Deviam mandar o bairro de 'boa viagem' e a mania de carnaval baiano num expresso sem escalas e sem possibilidade de volta diretinho pra Salvador. Desde que, ainda pequeno, vi pela primeira vez essa separação por cordão de isolamento entre os que pagaram pelo abadá e os que estão bebendo cana na 'pipoca', me dei conta como havia ali uma minuciosa maquete da segregação social. Passaram os anos e naturalmente fiz um paralelo entre os cordões de isolamento e os muros altos que separam os prédios da insegurança das ruas (bu!), e, de fato, fiquei meio triste com o rumo que estávamos dando ao convívio e interação entre os homens e entre eles e suas cidades, ao eleger os condomínios cada vez mais autosuficientes como padrão de qualidade de vida.
No caso dos carnavais-made-in-bahia-micareta-dos-infernos tudo é mais frágil e passível de atentados, de forma que qualquer pessoa minimamente consciente iria imaginar que, bastasse uma provocação boba, o cordão de isolamento seria partido a base de violência, cacete, crianças e boyzinhos chorando. Aconteceu e só me faz pensar como ter dinheiro não ter nada a ver com inteligência. Desculpem os machucados e tal, mas por princípio foi necessário que tivesse uma mini tragédia para ver se afastam esse modelo recifolia de vez daqui, é ridícula essa posição da elite de fazer carnaval vip na frente do povão. Ontem, por muito pouco, não invadiram até os prédios, o que particularmente é algo que eu gostaria muito de ver antes de morrer. A separação com divisão de bens nunca foi justa.

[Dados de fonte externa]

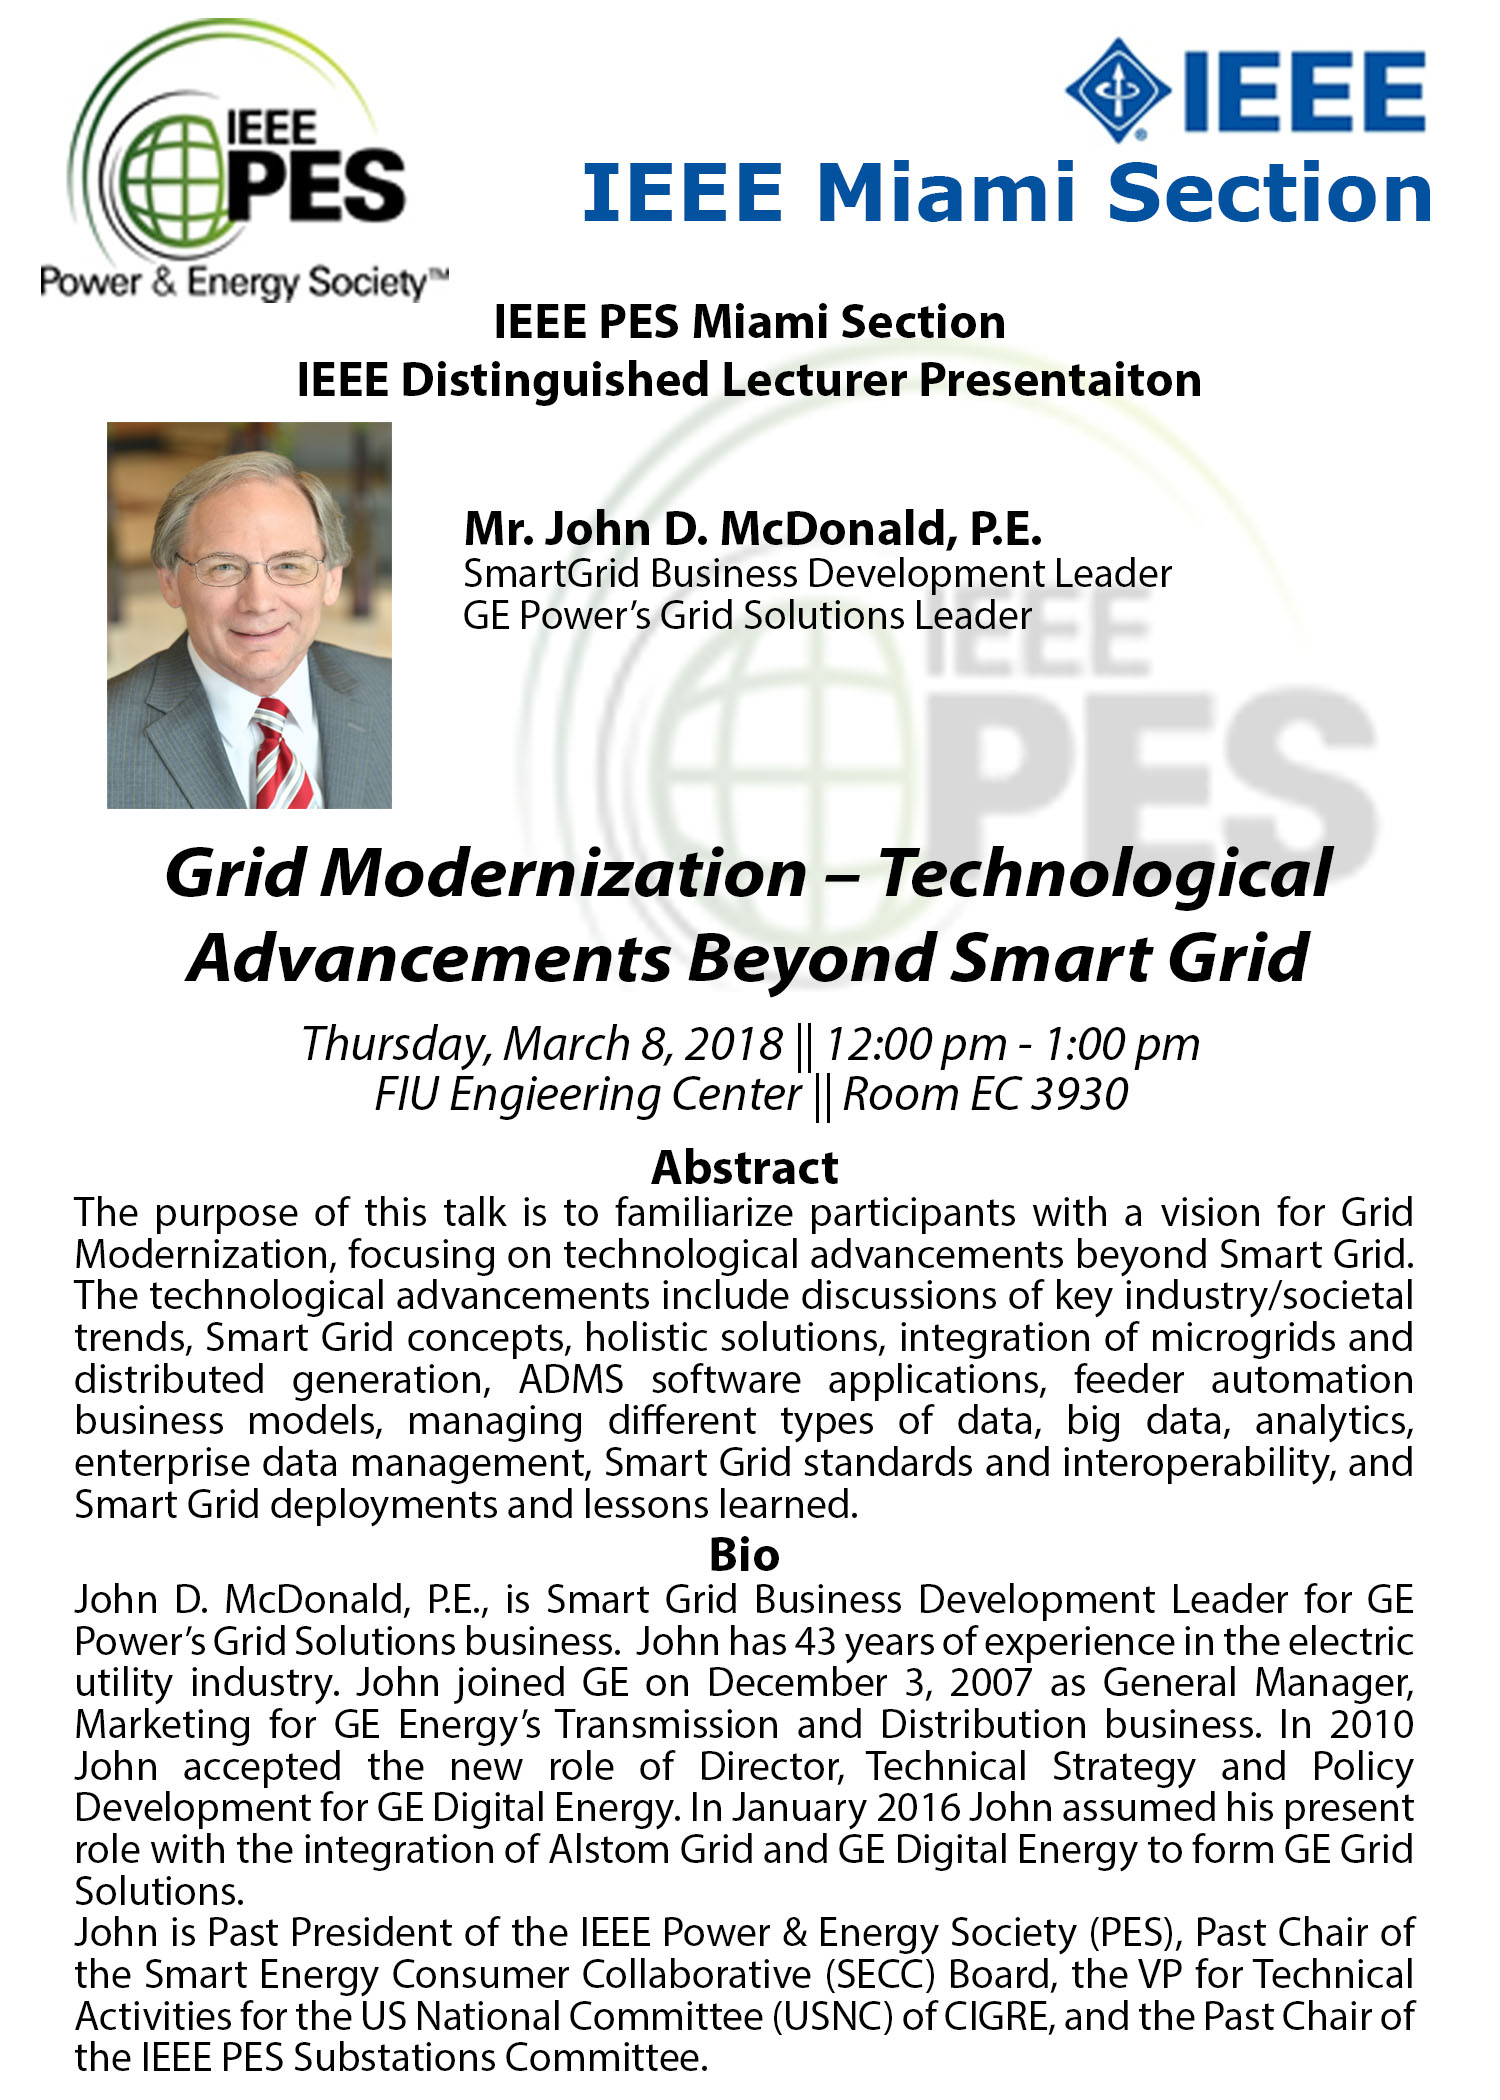 Grid Modernization - Technological Advancements Beyond Smart Grid

Depois que voltei do rio, entendi completamente o ódio social que paira sobre certas cidades e naturalmente associei com o bairro de 'boa viagem' onde a desigualdade é gritante, favela junto ao shopping, pedintes na janela de carros importados. Não é preciso muito estímulo para explodir. Sem cordão de isolamento, todo mundo 'parece' igual, ok, podem chamar de simulacro da alienação, mas paciência, é carnaval, por quatro dias podemos esquecer a luta de classes, ninguém sabe quem é rico, quem é pobre e cu de bêbado não tem dono. O carnaval de Olinda me parece genial nesse sentido. Até já vi algumas brigas lá, mas nada generalizado. Enquanto em Boa Viagem as cartas são todas marcadas, quando estão todos misturados, não se sabem quem é quem. As classes esquecem até que tinham se separado.
Quando eu era pequeno, meu pai me levou para um camarote no Recifolia. Obviamente foi uma das piores experiências da minha vida. Além de ter visto brigas e brigas e brigas, assaltos e assaltos e assaltos, vi um cara morrer na minha frente (na pipoca). Na ocasião, o cordão de isolamento também se desfez, a cantora de axé se abaixou, foi uma gritaria louca. Soube que nesse mesmo dia morreram outras pessoas por lá. Enfim, só quem aposta nessa fórmula é Cadoca e quem aposta em Cadoca, meus sinceros e honestos pêsames. Vou para o carnaval de Olinda desde pequeno e esse ano não vai ser diferente. Pra boa viagem, só vou se for para o aeroporto ou para praia se tiver liso. De outra maneira, podem ter certeza que foi sequestro.